* **EXERCISE REQUIREMENTS**
Exactly as they appear, please output the lines from the one with "Pair of Johansfors Blue Glass Lamps" through the end of the material, without pictures.

*** GIVEN DATA Section Begins ***

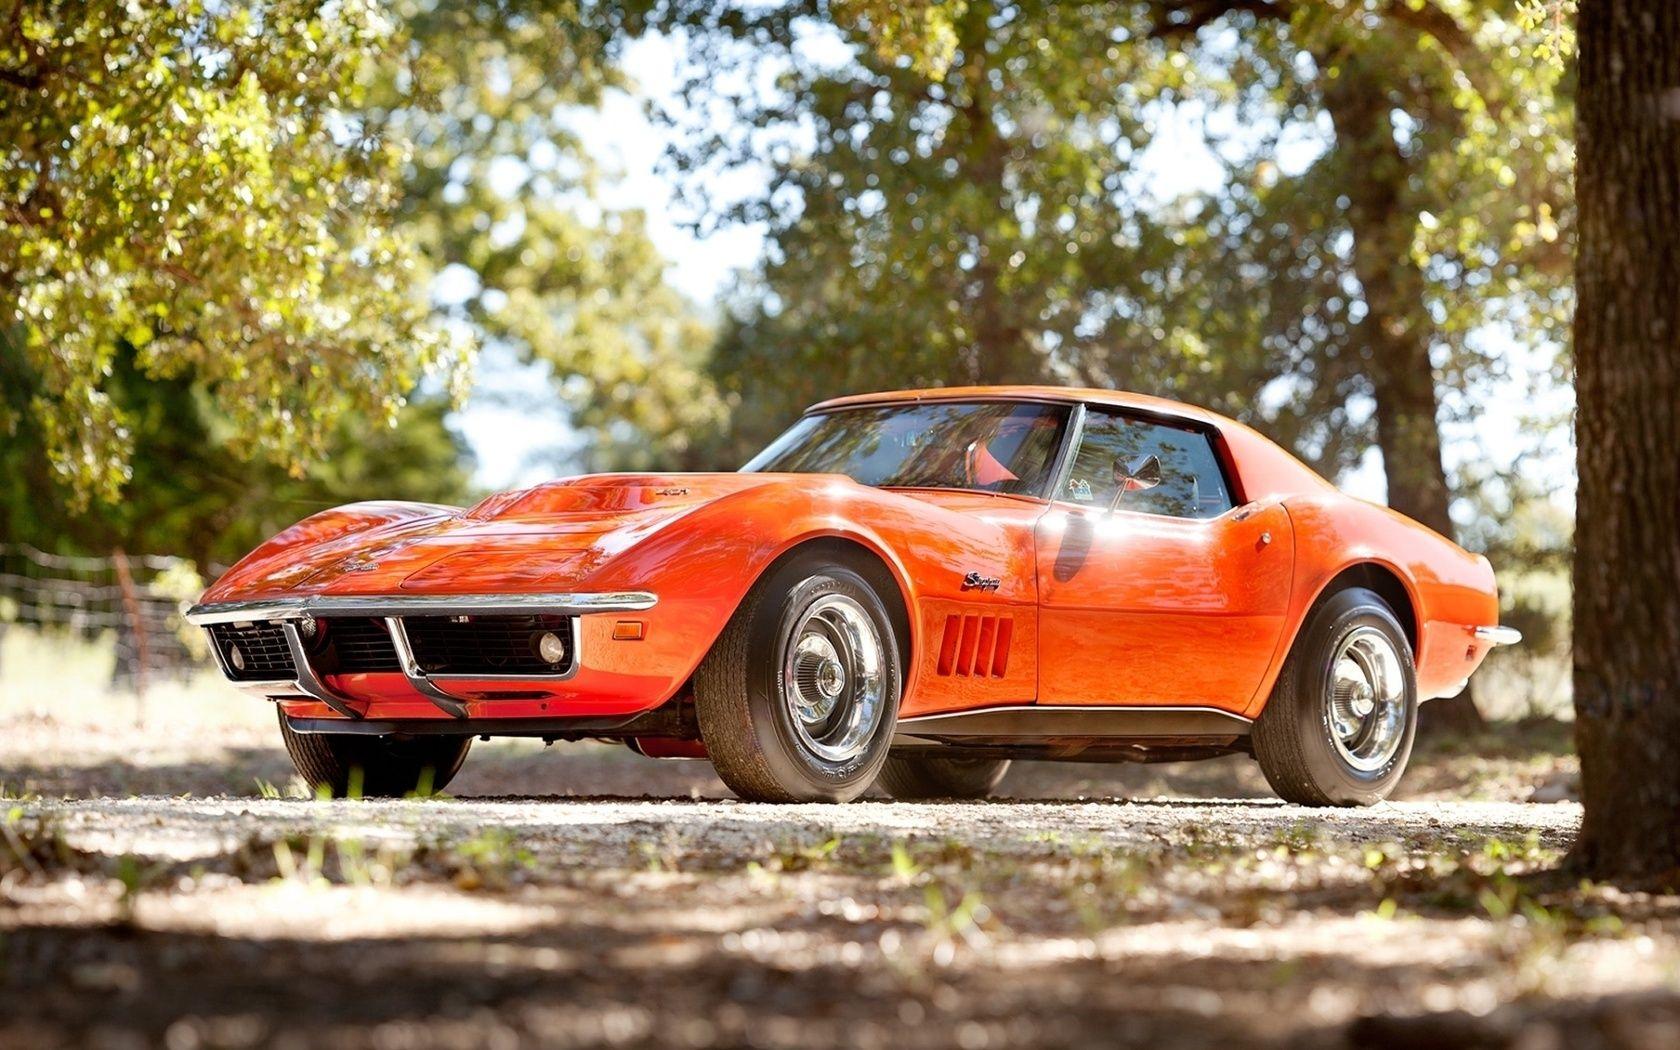 Orange chevrolet corvette hd http imashon com w auto
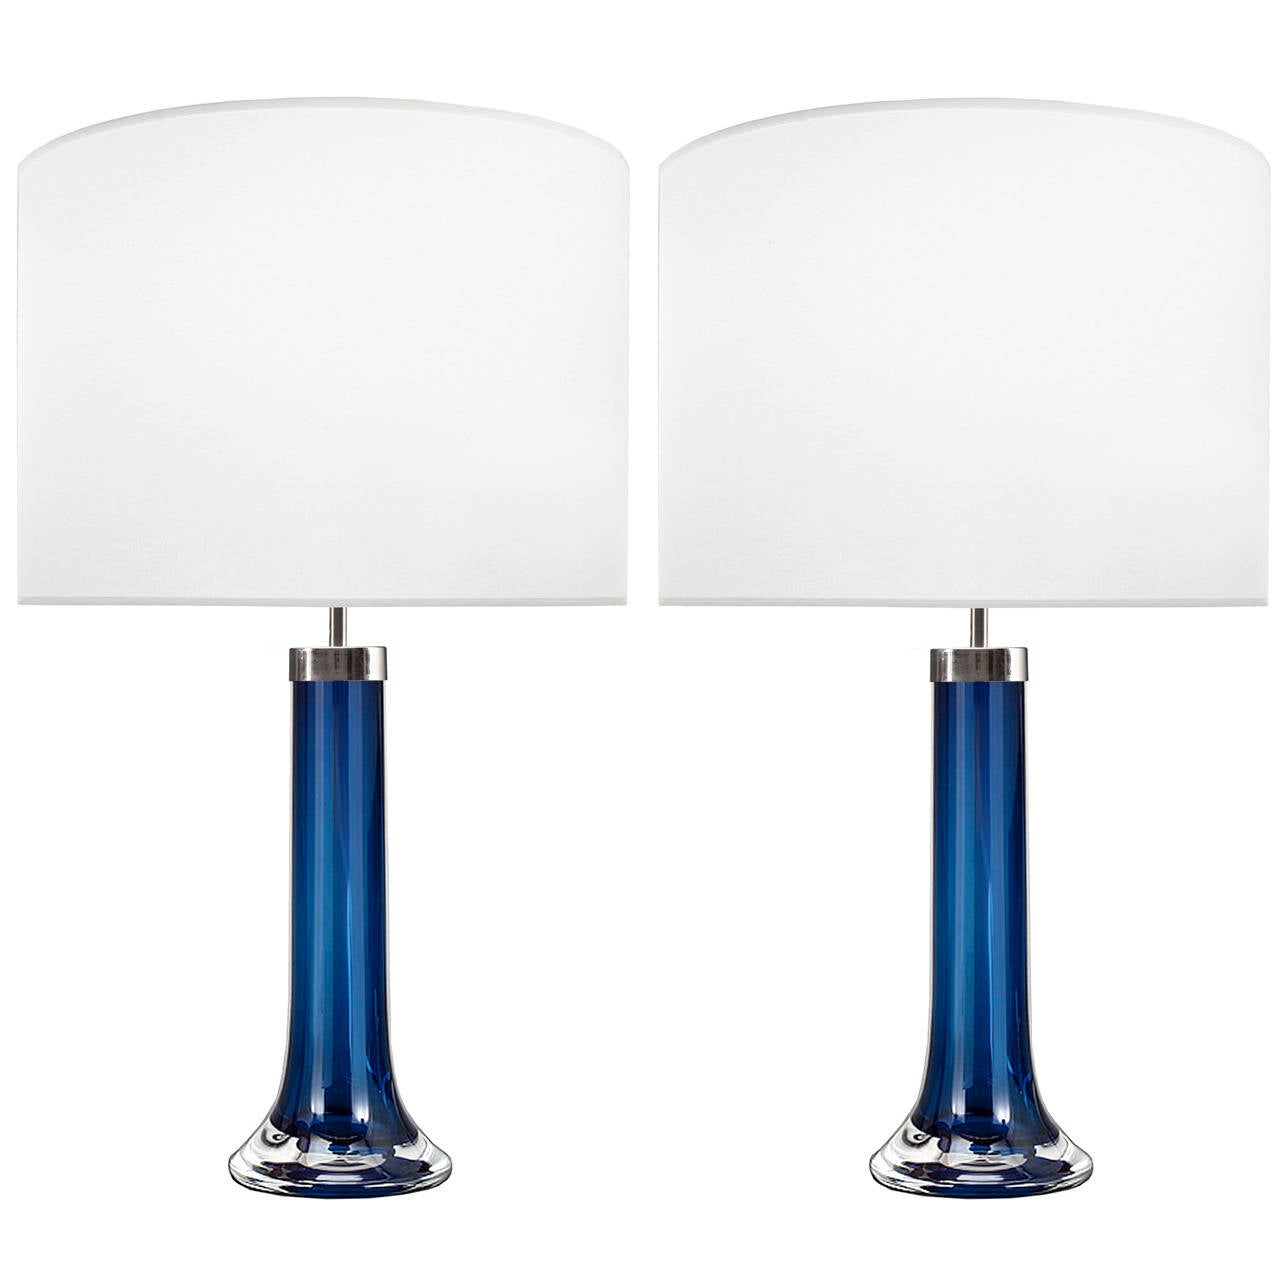 Pair of Johansfors Blue Glass Lamps
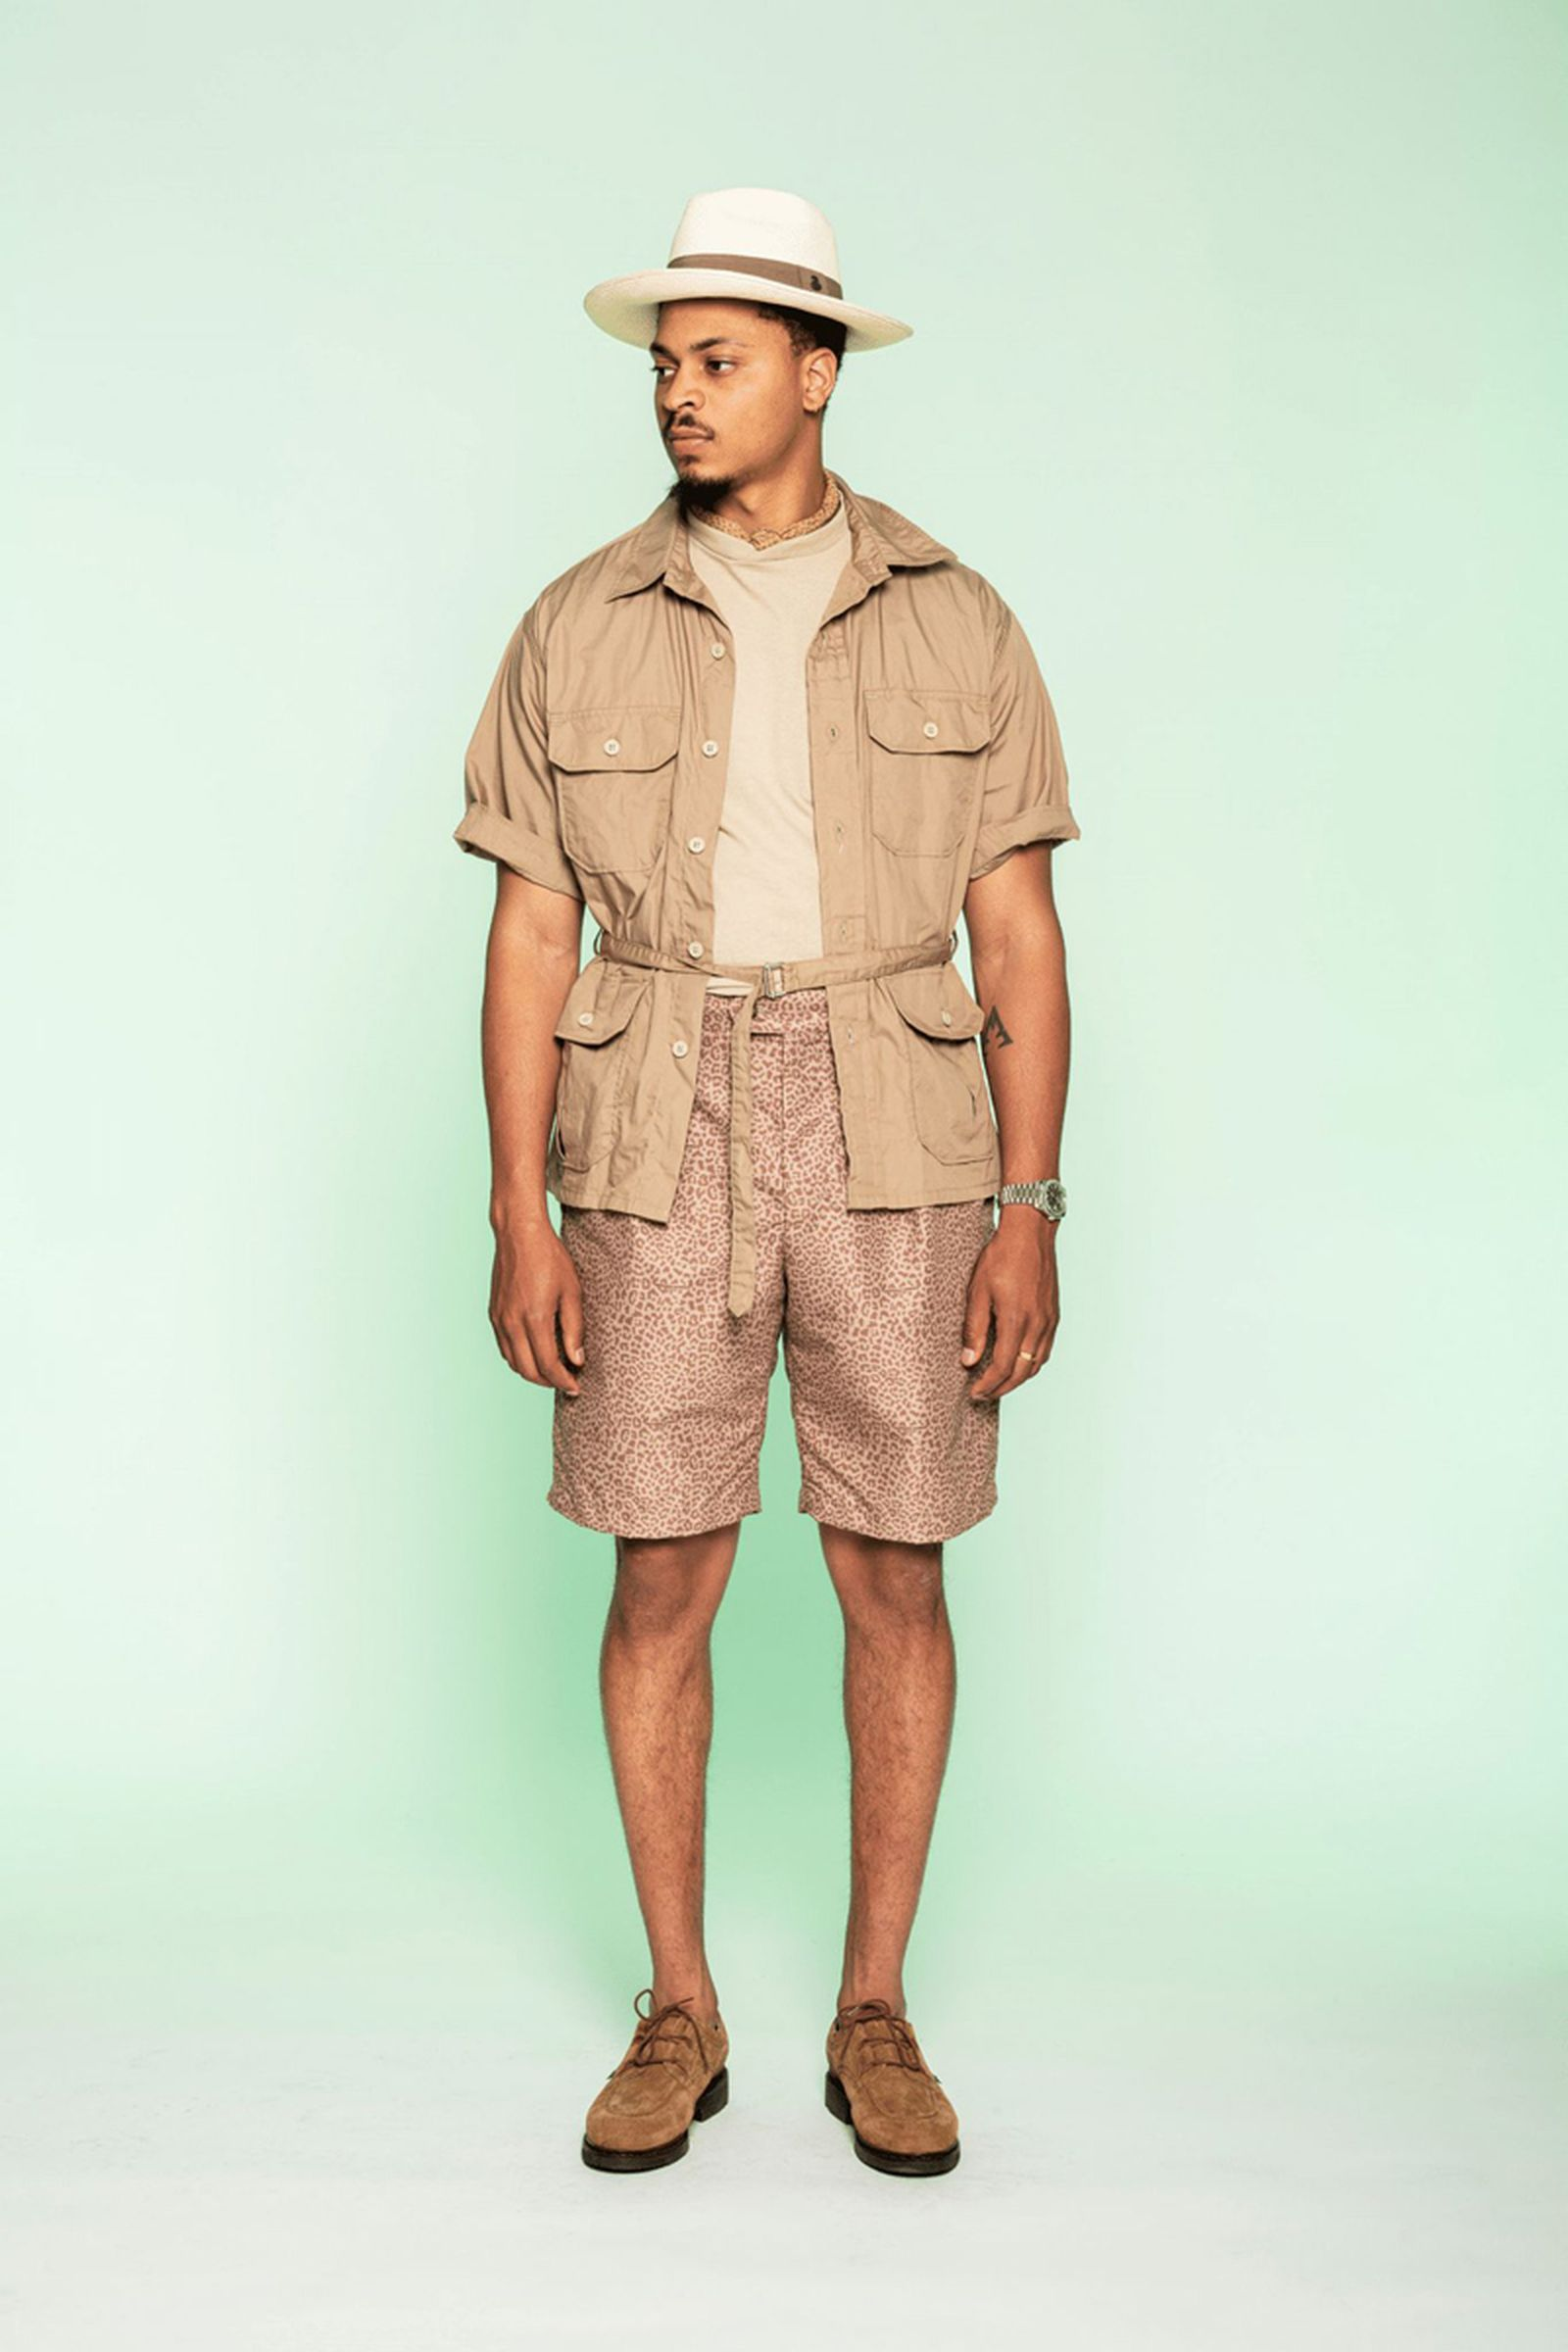 engineered garments spring summer 2022 collection lookbook (25)

*** GIVEN DATA Section Ends ***

* **ANSWER SECTION**
 Pair of Johansfors Blue Glass Lamps
 engineered garments spring summer 2022 collection lookbook (25)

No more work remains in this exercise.